Materials and methods
Cell-culture materials, including Hank's buffered saline solution (HBSS), α-modified Eagle's medium (α-MEM), L-glutamine, penicillin/streptomycin, phosphate-buffered saline (PBS), and trypsin/EDTA were obtained from Invitrogen (Carlsbad, CA). Fetal bovine serum (FBS) was purchased from Atlanta Biological (Atlanta, GA). All reagents for miRNA and mRNA arrays were obtained from SABiosciences (Frederick, MD), including whole human genome miRNA array, signal-transduction pathway finder arrays, and RT2 First Strand Kits. Protease and phosphatase inhibitor cocktails, RIPA buffer, and BCA protein quantification kits were ordered from Thermo Scientific (Rockford, IL). Western blot reagents were obtained from Invitrogen; these included loading buffer, reducing agent, 4% to 12% Bis-Tris SDS-PAGE gels, iblot nitrocellulose membrane and blotting components, and chemiluminescence HRP developer kits. The chemiluminescence blocker was acquired from Millipore (Billerica, MA). All antibodies, both primary and secondary, were obtained from Santa Cruz Biotechnology (Santa Cruz, CA). All other chemicals used were molecular biology reagent grade.

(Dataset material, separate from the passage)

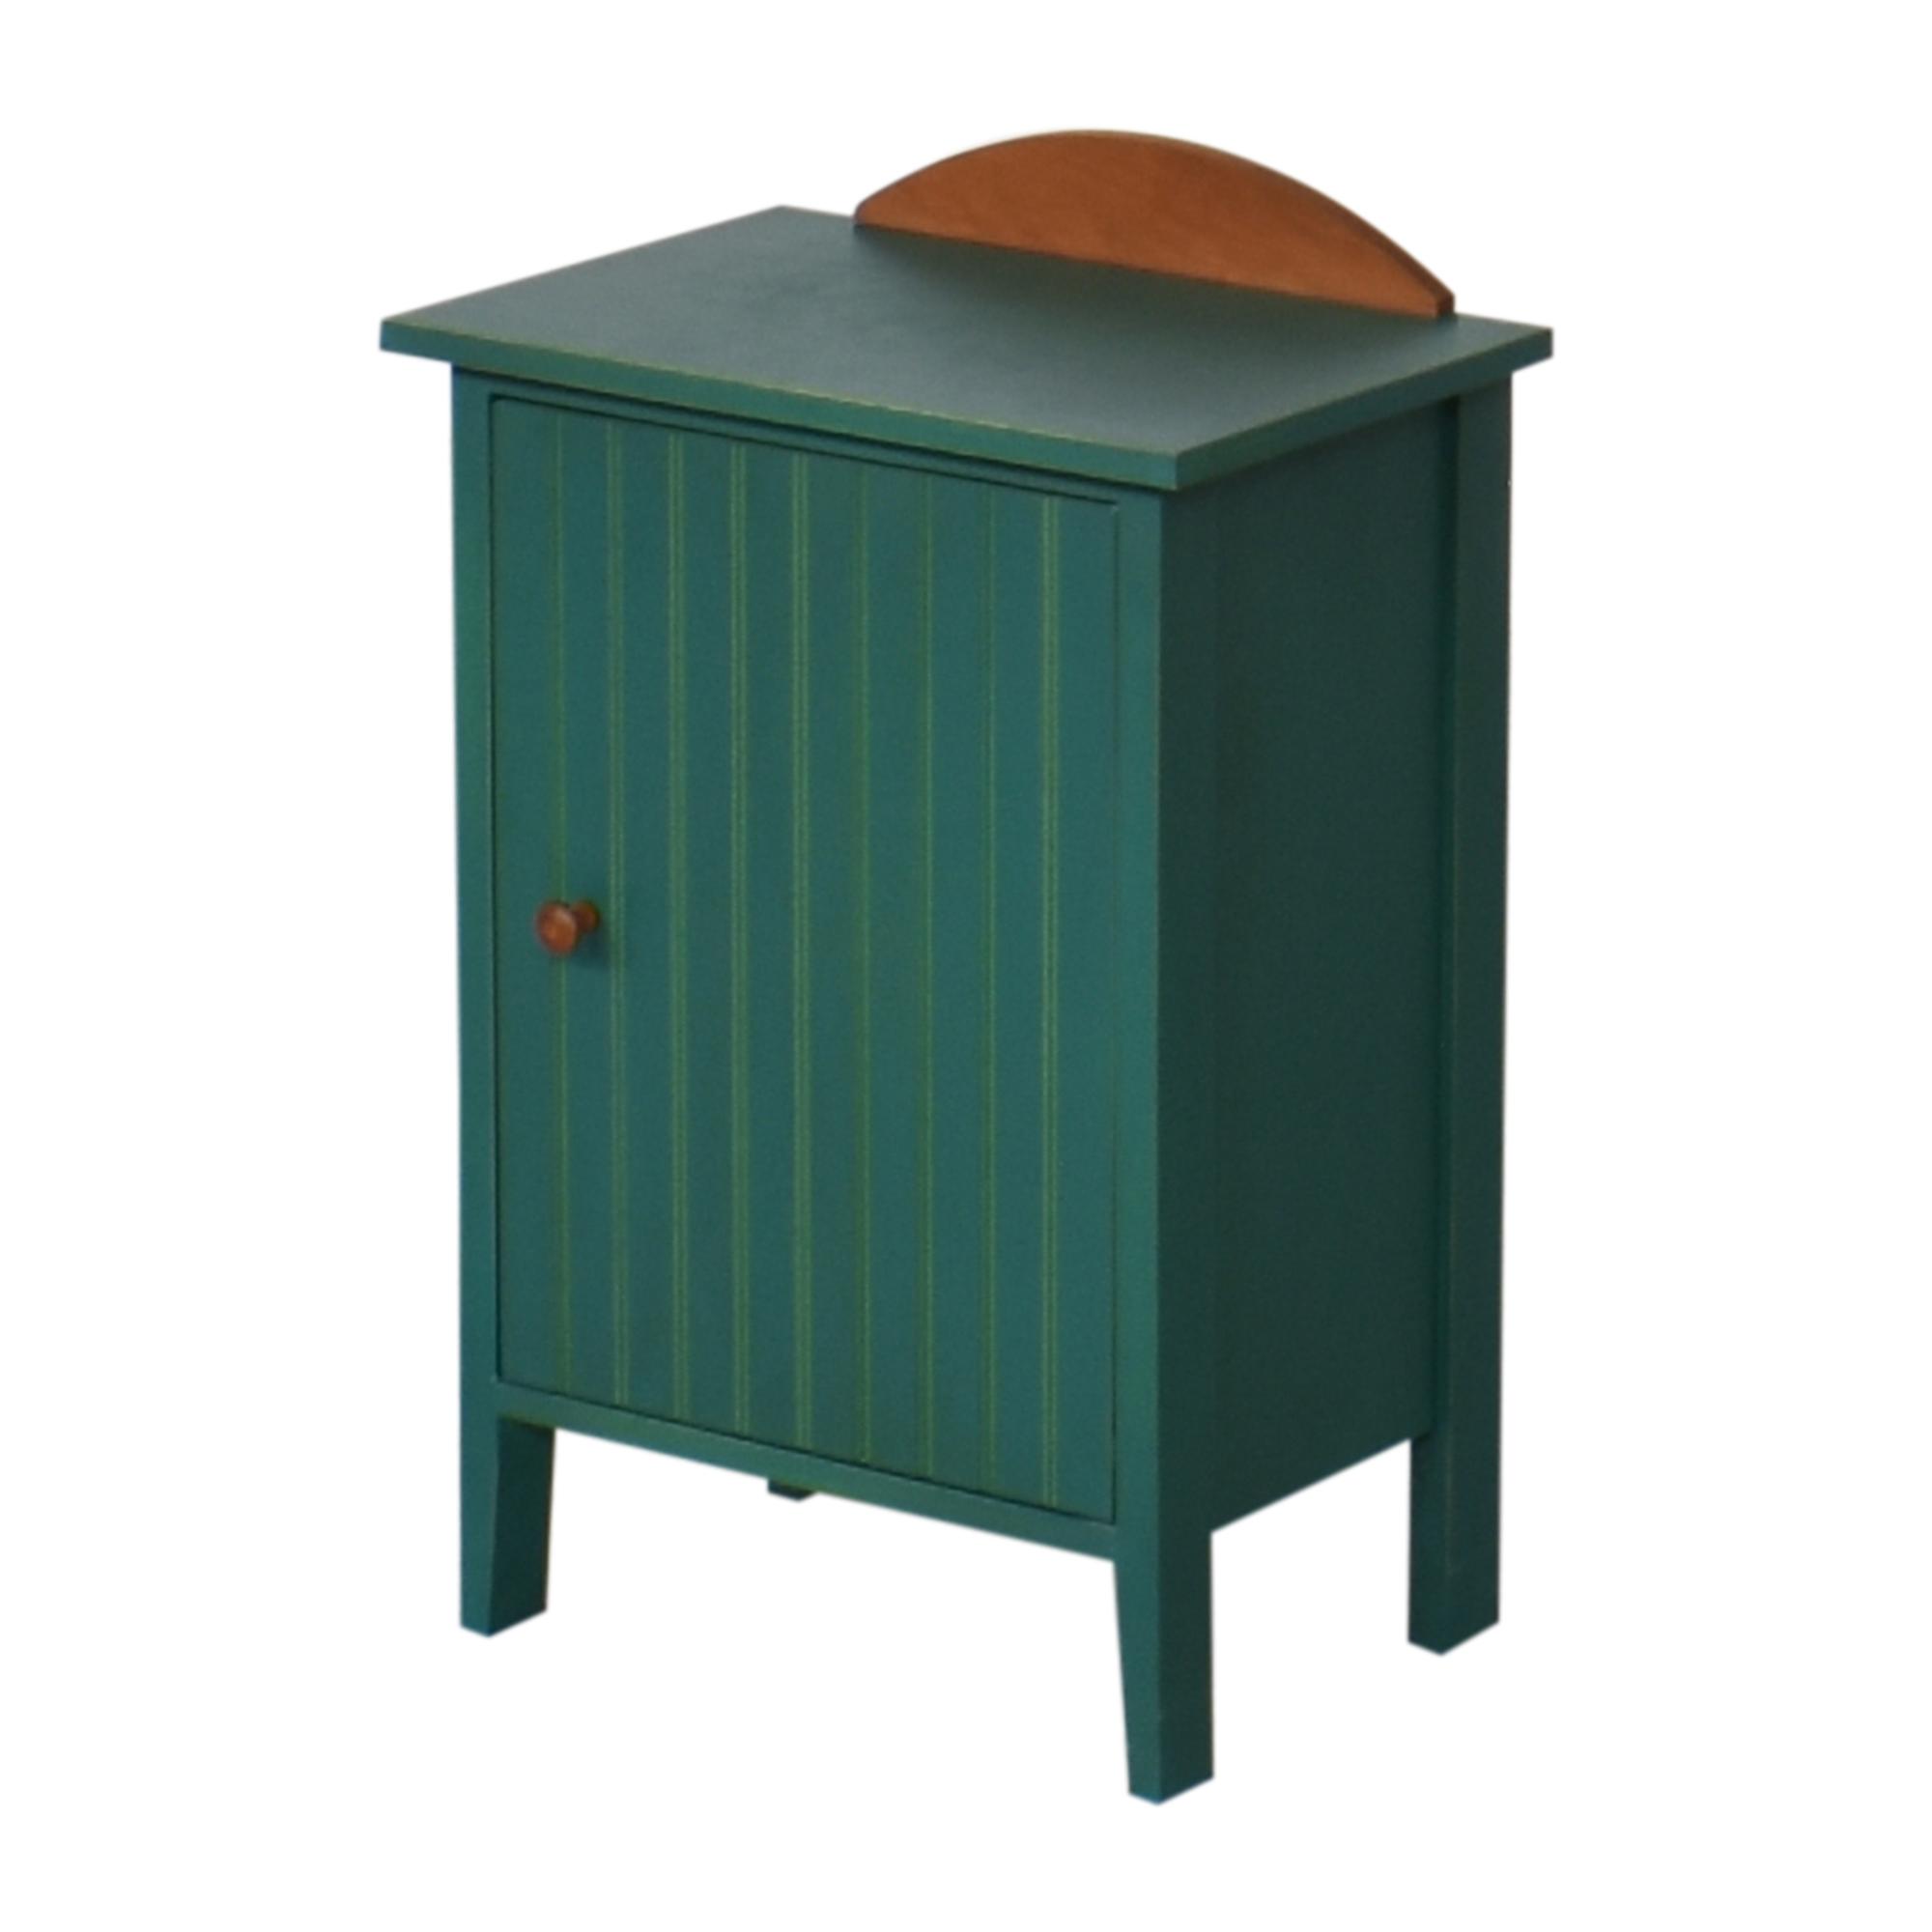 Maine Cottage Maine Cottage Island Bedside Cabinet on sale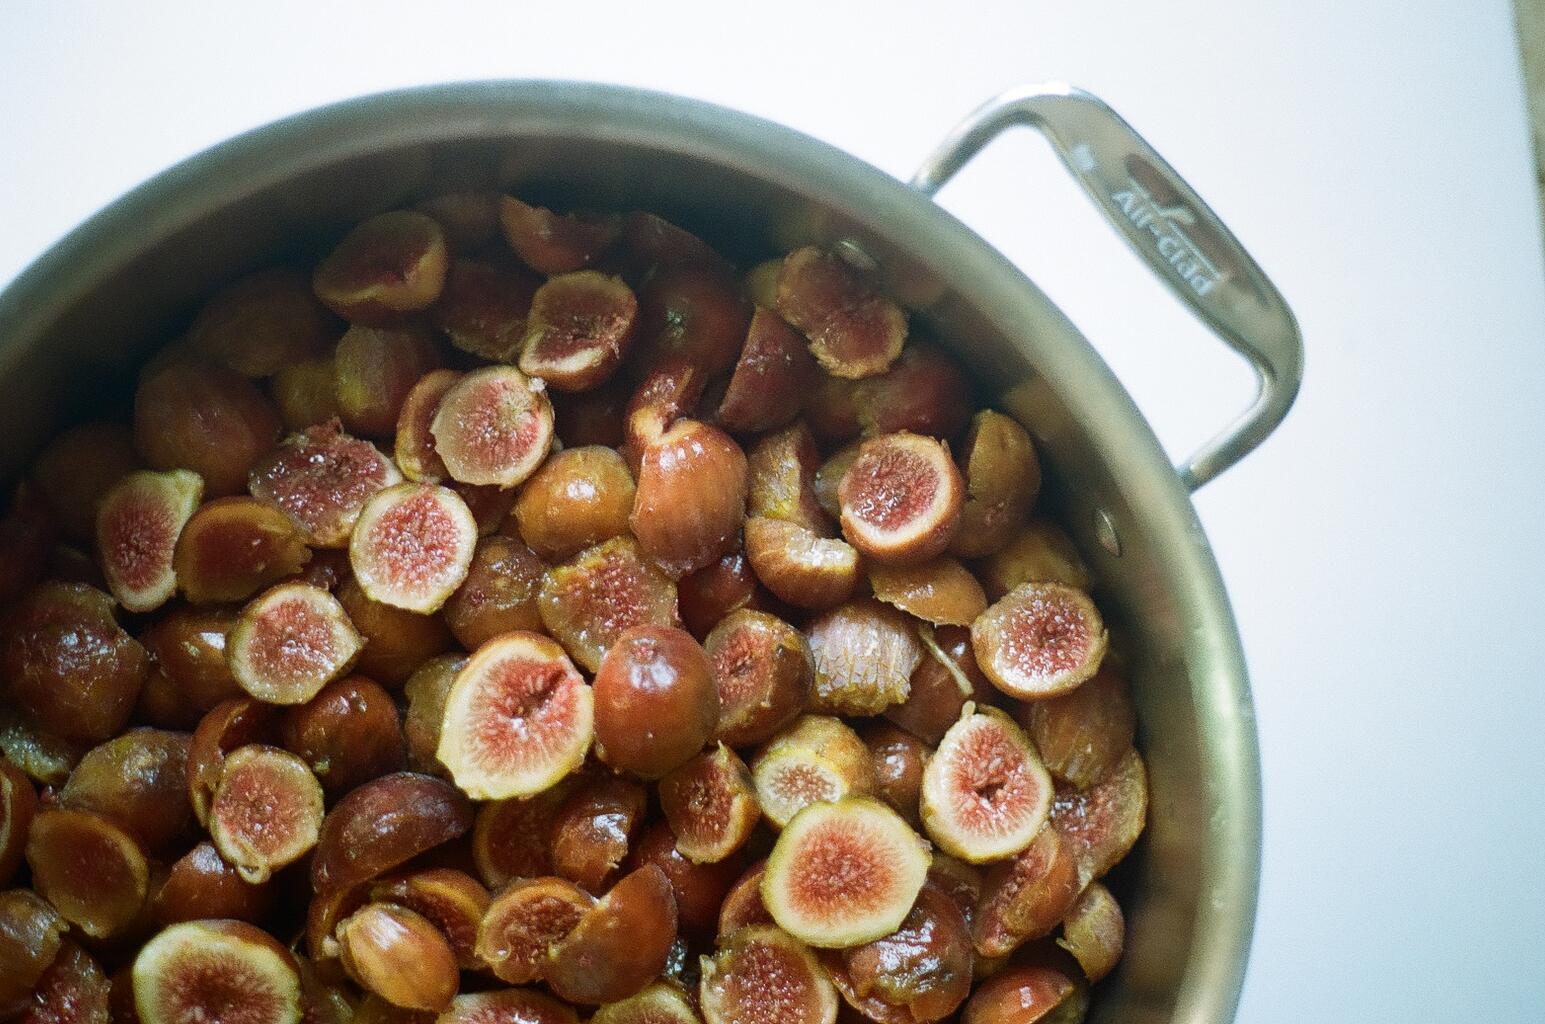 Figs - 2

Mesenchymal stem cell isolation and expansion
ASCs and BMSCs were isolated and expanded as previously reported . In brief, ASCs were isolated from subcutaneous white adipose tissue. BMSCs were obtained from the iliac crest or marrow discarded during orthopedic procedures [2, 26]. In brief, BMSCs were separated over a Ficoll gradient by centrifugation for 30 minutes at 1,800 g. Similarly, ASCs were isolated from subcutaneous white adipose tissue, after which the adipose tissue was digested with 0.075% collagenase for 30 minutes at 37°C to isolate ASCs. Subsequently, all cells were washed in HBSS or PBS, and then centrifuged at 300 g (ASC) or 1,000 g (BMSC) for 10 minutes. The pelleted nucleated cells were cultured overnight in a humidified atmosphere at 37°C with 5% CO2 in complete culture medium (CCM) for BMSCs, which consisted of α-MEM, 20% FBS, 1% L-glutamine, and 1% penicillin/streptomycin or stromal medium (SM) for ASCs (DMEM/F12, 10% FBS, 1% penicillin/streptomycin/amphotericin). The CCM was replaced every third day until the cells reached 70% to 80% confluence. All cells used were between passages 3 and 5 and identified as young donors (younger than 50 years) or old donors (older than 50 years). Young donors of ASCs were an average age of 31.5 ± 10.4 years, whereas BMSCs were 31.5 ± 8.7 years; old donors of ASCs were an average age of 63 ± 6.0 years, and old donors of BMSCs were an average age of 56.3 ± 5.0 years. Investigators were blinded to donor information about the ASCs and BMSCs; however, donor age, race, and other selected demographics were obtained. All donor groups had significant differences in age, but no other significant demographic differences, including BMI. All cells were isolated after review and approval by the institutional review board (IRB) of Tulane University School of Medicine, Pennington Biomedical Research Center, or Brigham and Women's Hospital, with informed patient consent.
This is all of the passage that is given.